All the members belonged to the developing countries of Asia, Africa and Latin America, who framed the movement in the form of a middle path which lies between the idea of Capitalism and Communism.


  • The fact cannot be denied that India itself was the founding member of the Non-Alignment Movement.
  • India raised its voice in the United Nations in the favour of disarmament. A draft had been submitted by India which declared that it would be against the United Nations Charter to use Nuclear Weapons. India thus supported the prohibition of nuclear weapons.


  • Currently, NAM is focussed on International Economic Order in terms of restructuring it.
  • NAM is also adopting different approaches in contemporary times so as to adjust to ongoing situations.
  • NAM encourages all its member states along with the other countries to prioritize Environmental Policies.
  • Baku Declaration has been adopted by NAM which appreciates multilateralism and encourages all the countries to commit for Sustainable Development Agenda 2030.
  • Reform in Global Governance is another theme of NAM. It includes strengthening General Assembly’s powers along with geographic rotation and gender equality in terms of choosing Secretary-General.


  • Due to the various principles of NAM, it upholds relevance even in contemporary times.
  • NAM has always played as a protector for the third world nations, which have been exploited by the developed countries for a really long time.
  • NAM has always followed its principles which includes making this world a peaceful place.
  • NAM always supports sovereign world order along with the promotion of disarmament.
  • NAM always respects the Independence of each and every nation-state.
  • General Assembly includes two-third of its members belonging to NAM and thus, NAM upholds the relevance of its votes.
  • NAM acts as a platform for the negotiation of disputes existing among the developed and developing countries.

But there are many contemporary situations which prove that the existence of NAM is no more relevant. Some of the examples can be traced as it includes-

  • After the disintegration of USSR and rise of Globalization, the world became unipolar as the US was the only superpower. Thus, the basic principle of NAM i.e. to act as stabilising actor lost its relevance.
  • Another issue is that for any country, its National Interest is supreme in the contemporary times which during the clashes prioritises national interest over NAM principles.
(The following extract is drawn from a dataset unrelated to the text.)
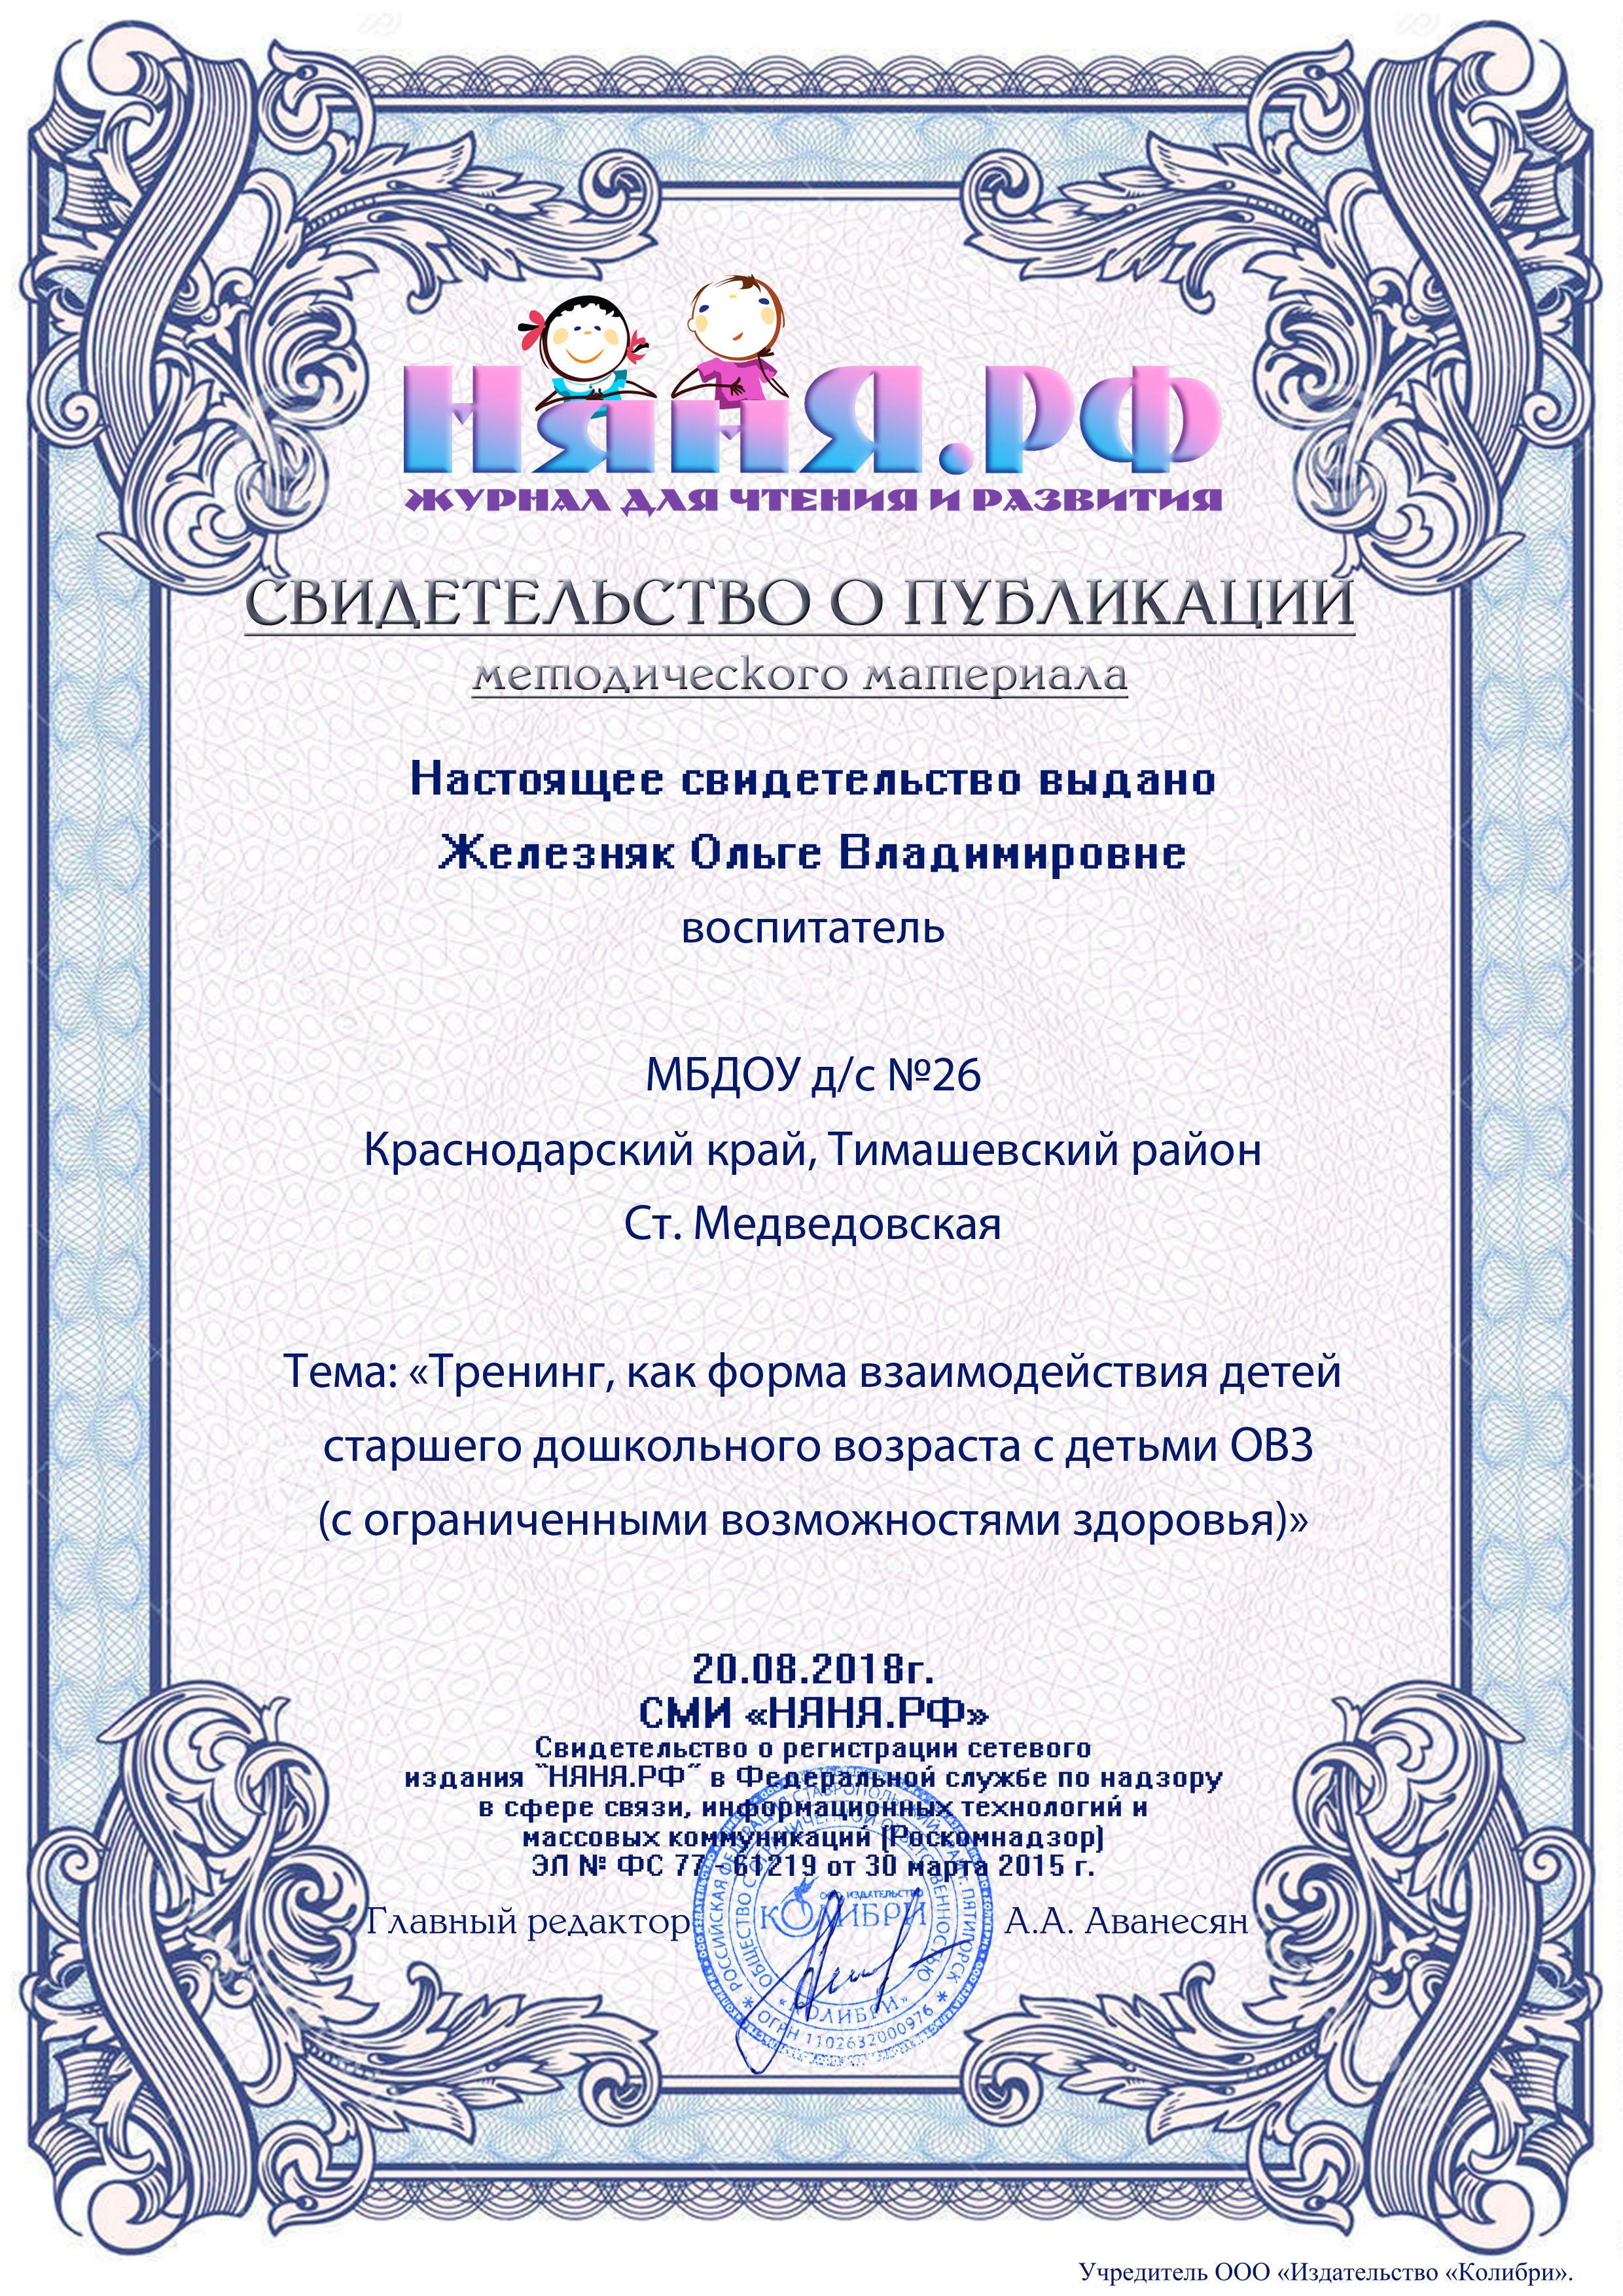 Сертификат железняк

  • It was till the 1970’s, when India was the active participant in all the meetings of NAM but India’s growing proximity with USSR raised suspicion among the smaller members.
  • After the disintegration of USSR, India tilted towards the USA for the economic policy further created ambiguity.
  • In spite of all the peculiarities, India still supports multipolarity which itself shares proximity with the principles of NAM.
  • India can utilize the platform offered by NAM to display its soft power and to act as a dominant actor among the various countries belonging to developing countries.
  • India can raise its voice regarding various issues including Terrorism, Trade Protectionism, etc.


The current Summit of NAM took place in October 2019 in Baku, Azerbaijan. The importance of NAM can be analysed by the fact that initially, only 25 members were there. But in the present times, there are 120 members of NAM. The escalating numbers along with the regular meetings of its members, itself depicts the growing importance of NAM. This is particularly benefitting the developing countries as they have found a platform where they can raise their problems, seek cooperation, articulate their ideas, give their perspectives on various issues, makes a difference even in the contemporary times when the economic status of a particular country decides its decision making capability especially, in the world affairs.